Japan's Nikkei share index and the MSCI index of Asian shares outside of Japan rose 0.16 percent and 0.23 percent respectively, with shares of energy and resource companies outperforming.
Relief that turmoil in Egypt was not escalating helped provide a floor for the market.
Investors are finally able to focus on corporate earnings and some stocks are set to benefit from expectations for their results and forecasts, said Masumi Yamamoto of Daiwa Securities Capital Markets.
Sentiment was supported by U.S. data showing factory activity in the Midwest hit a 22- year high in January as orders surged and employment prospects brightened, providing further signs that the economy would stay on a solid growth path this year.

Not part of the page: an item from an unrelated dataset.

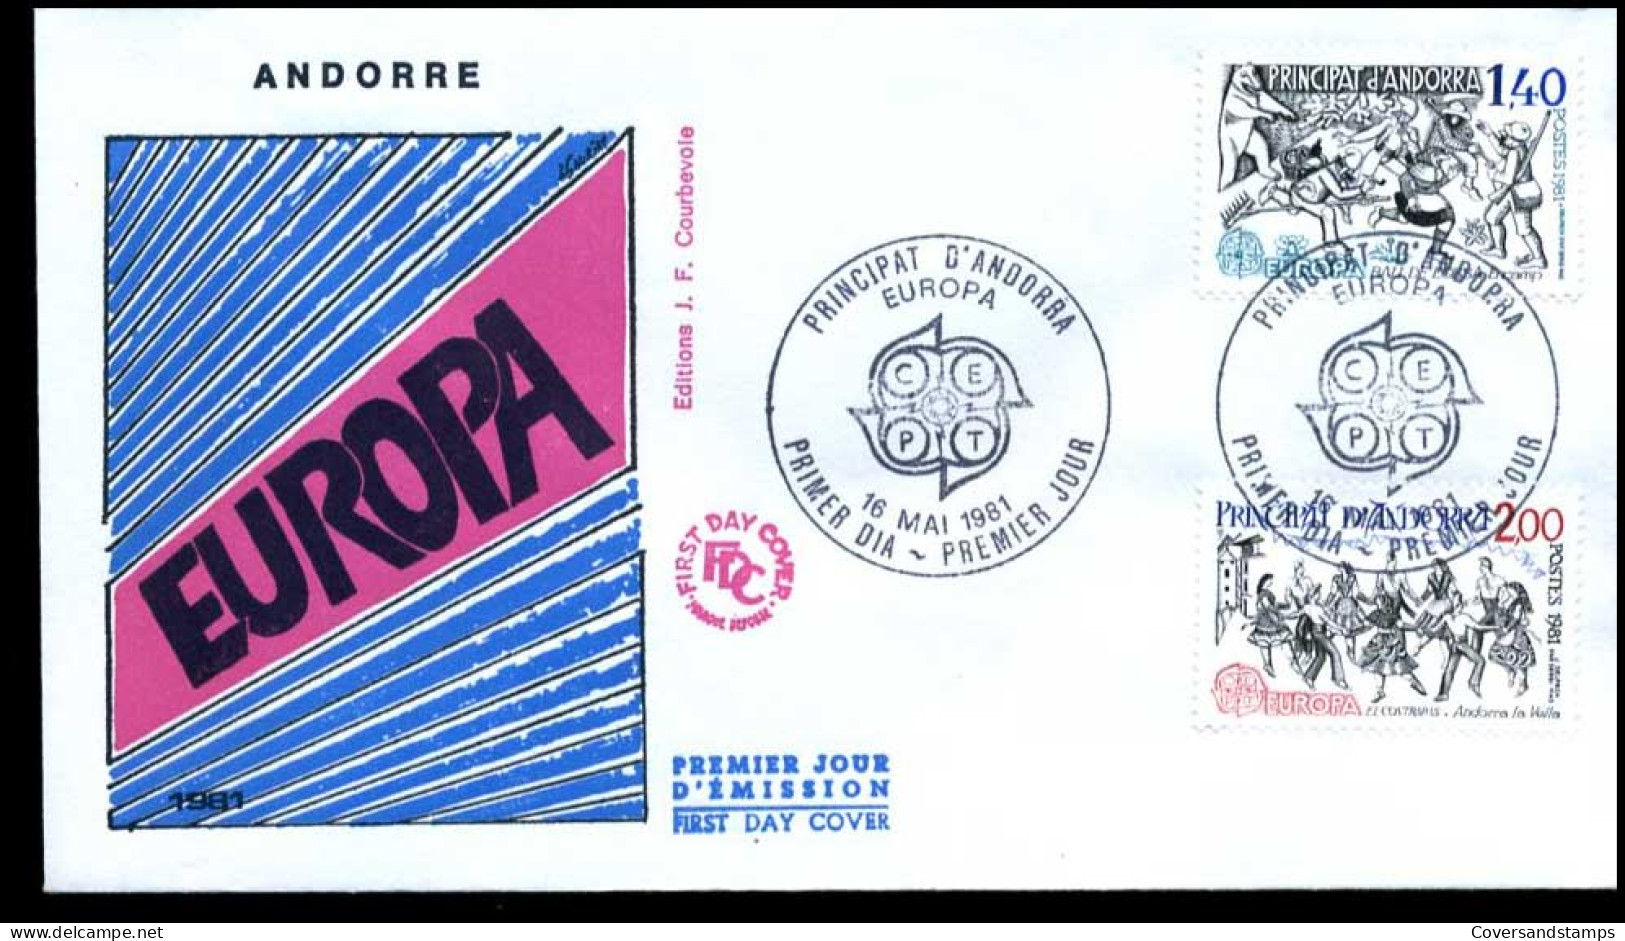  Frans Andorra - FDC - Europa CEPT 1981 - 1981

Strong earnings reports and boosted mergers and acquisitions activity also prompted investors to take a more sanguine view of events in Egypt and renew purchases of riskier assets.
The Dow Jones industrial average closed up 0.68 percent overnight, while the Standard & Poor's 500 Index gained 0.87 percent.

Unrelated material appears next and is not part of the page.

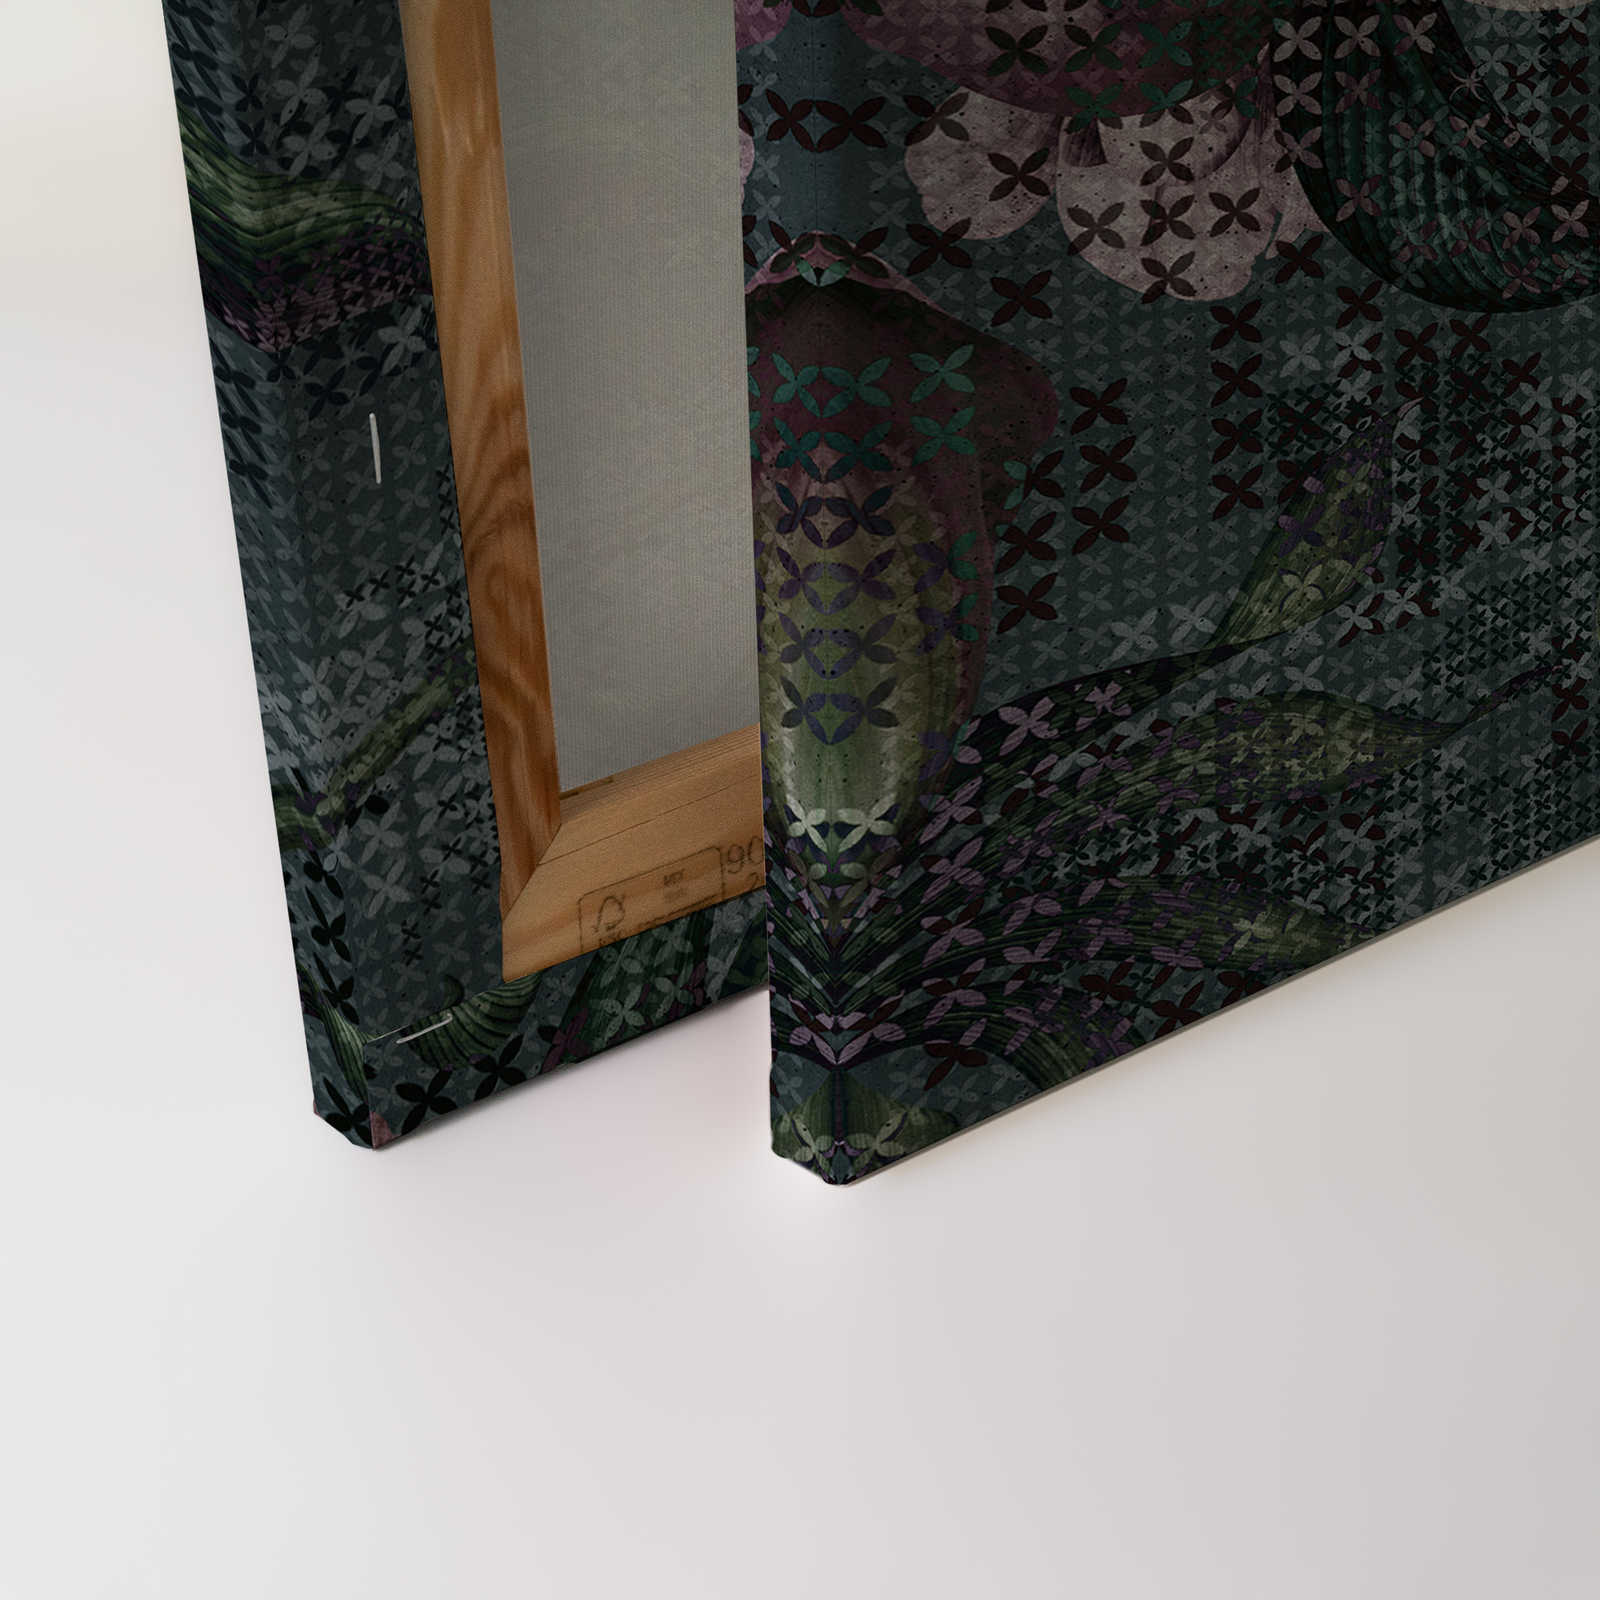             Blumen Leinwandbild Pixel Design – 1,20 m x 0,80 m

Brent crude hovered just above $100 after soaring as high as $101.73 overnight, while U.S. crude futures steadied above $92.
Saudi Arabia said OPEC was concerned by unrest in Egypt, where protesters seeking the removal of President Hosni Mubarak planned a million-strong march on Monday, but saw no need for an immediate boost in output as there was no oil shortage.
London copper rallied to a record $9,832 on Tuesday and tin also rose to an unprecedented $30,400 a tonne and shanghai copper hits its highest in nearly four years.
Stock markets in Shanghai and Hong Kong were little changed with investors reluctant to stake out fresh positions ahead of long Lunar New Year holidays later this week.
China's official purchasing managers' index fell in January to its lowest level in five months. Though activity continued to expand, input prices rose quickly, keeping pressure on Beijing to tighten policy to contain inflationary pressures.
This indicates that the economic recovery trend is not yet clear, and we may see economic growth slow down a bit, Zhang Liqun, a government researcher, said in a statement accompanying the release.
The data signaled that demand for oil may not rise as quickly in China, the world's second largest oil user.
In Korea, the finance ministry said consumer inflation was expected to hover at the 4 percent range in the current quarter before softening to 3 percent in the second half. The index rose 4.1 percent in January, above a 3.9 percent forecast in a Reuters poll.
Indonesia's annual inflation picked up in January to a 21-month high of 7.02 percent, above the central bank's end-2011 target range of 4-6 percent. Some economists brought forward their expectations for a central bank rate hike to this Friday.
Annual core inflation in Thailand slipped to 1.3 percent from 1.4 percent in December, while headline inflation was stuck at around 3.0 percent. Economists said food price inflation was less marked than in other countries, but authorities had to keep close watch on rises in oil and raw materials.